Mr. Jacobs had originally taken his plan to the ZBA seeking variances to allow a number of additions to the site, including new playing fields for softball, basketball and tennis, and four swimming pools with 13 cabanas, as well as renovating an existing dining hall. He pulled that plan from review in 2011, and scaled it back to exercise his existing rights of use for the camp as a pre-existing, nonconforming facility in a residential neighborhood.

This new plan seeking renovations and upgrades was then submitted to the Planning Board. It calls for maintaining seven of the 10 tennis courts, adding two pools for a total of three, and keeping the sports courts. In addition, he proposes to remove a well house, a shed and two cottages, renovate the dining hall, and turn another cottage into a health center. The square footage of all the buildings will be the same as that which currently exists.

But neighbors say the footprint is not what concerns them—it’s the overall impact the camp has on Little Fresh Pond.

“Our concern has always been for the wellness of the lake and the quiet peacefulness of the neighborhood,” said John Barona, president of the Little Fresh Pond Association. “We test the lake every two weeks throughout the summer, and then send our results upstate” to the New York Citizens Statewide Lake Assessment Program, which analyzes the samples. In 2013, the program, overseen by the State Department of Environmental Conservation, declared the pond “threatened.”

“We’re not just trying to make a big stink over nothing,” Mr. Barona added.

Mr. Jacobs rebuts that argument by noting that he updated all of the camp’s septic systems.

The legal battles have gone on for years. The most recent was settled a few weeks ago, when the State Supreme Court dismissed the neighbors’ complaints that the camp and Southampton Town failed to abide by and enforce zoning restrictions.

“They are choosing to define [tennis camp] very narrowly,” said Mr.
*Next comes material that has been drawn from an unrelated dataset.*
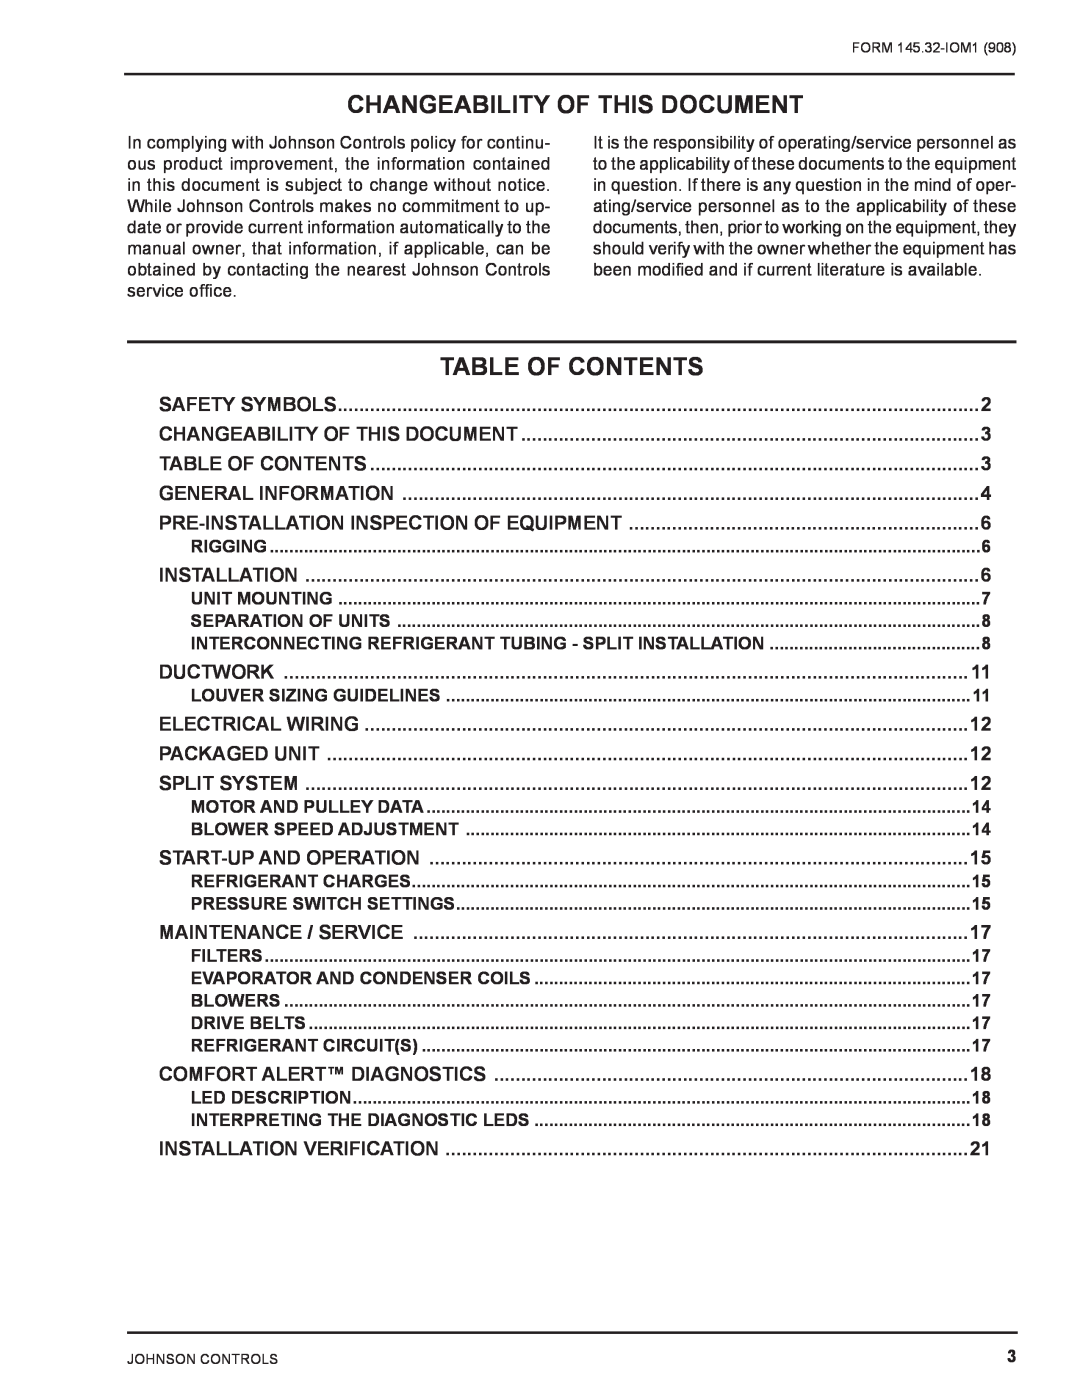 Energy Tech Laboratories DSH installation instructions Changeability of this document, Table Of Contents

Jacobs, who also owns Hampton Country Day Camp in East Hampton. “Throughout the East End, we have presented numerous examples of tennis camps that do everything in addition to tennis.”
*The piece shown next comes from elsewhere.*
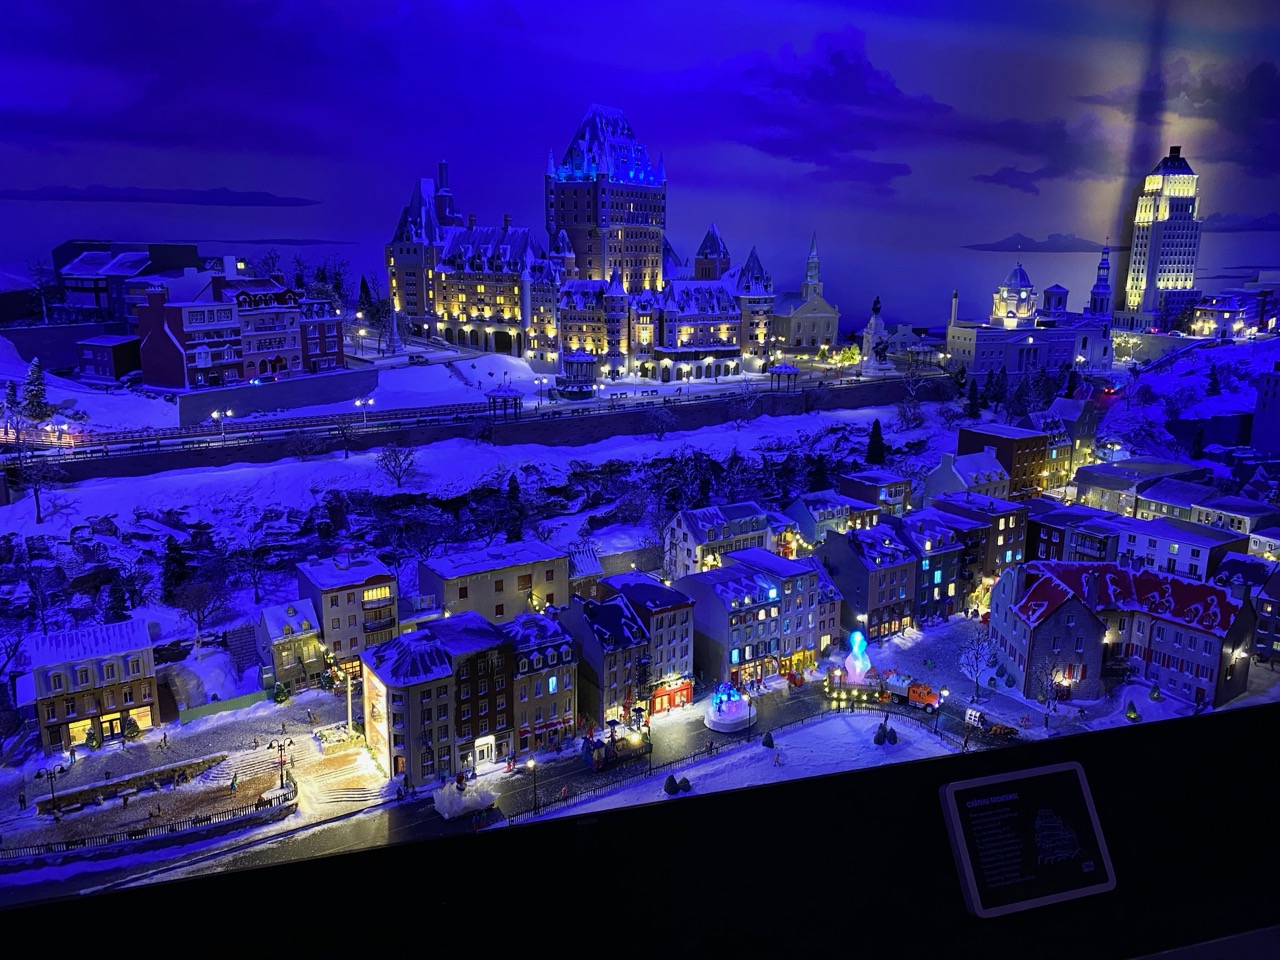 Quebec City, Little Canada at 10 Dundas Street East, Toronto, image by Craig White

“Our concern is the 400 to 500 kids at that camp, doing all kinds of activities all day long, which will destroy our lake,” said Foster Maier, vice president of the Little Fresh Pond Association. “We look forward to seeing what he’s planning … If he’s willing to limit the number of kids who can be there, that will speak to the purpose of what the camp is.”
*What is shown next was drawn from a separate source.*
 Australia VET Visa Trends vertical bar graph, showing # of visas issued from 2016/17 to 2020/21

This property has been a camp since the 1930s, Mr. Jacobs argued. “It’s not like I took over a cemetery and turned it into a camp. I took over a camp and made it a camp,” he said.

Having issued a positive declaration for a proposal to expand the tennis camp, the Planning Board is now working to determine what the scope of the more extensive environmental review process will be. On February 26, a scoping hearing will be held, wherein the board, the applicant and the public will debate what issues should be addressed by the final environmental impact statement. The pond, neighborhood traffic and noise are sure be top among them.

The hearing is designed to seek solutions, said Mr. Bruyn, by considering such elements as monitoring wells and traffic counts.

The Planning Board will have until March 12 to vote on the final scope of the EIS. Mr. Bruyn said Mr. Jacobs would need approval by March 12 to get the camp ready for this summer.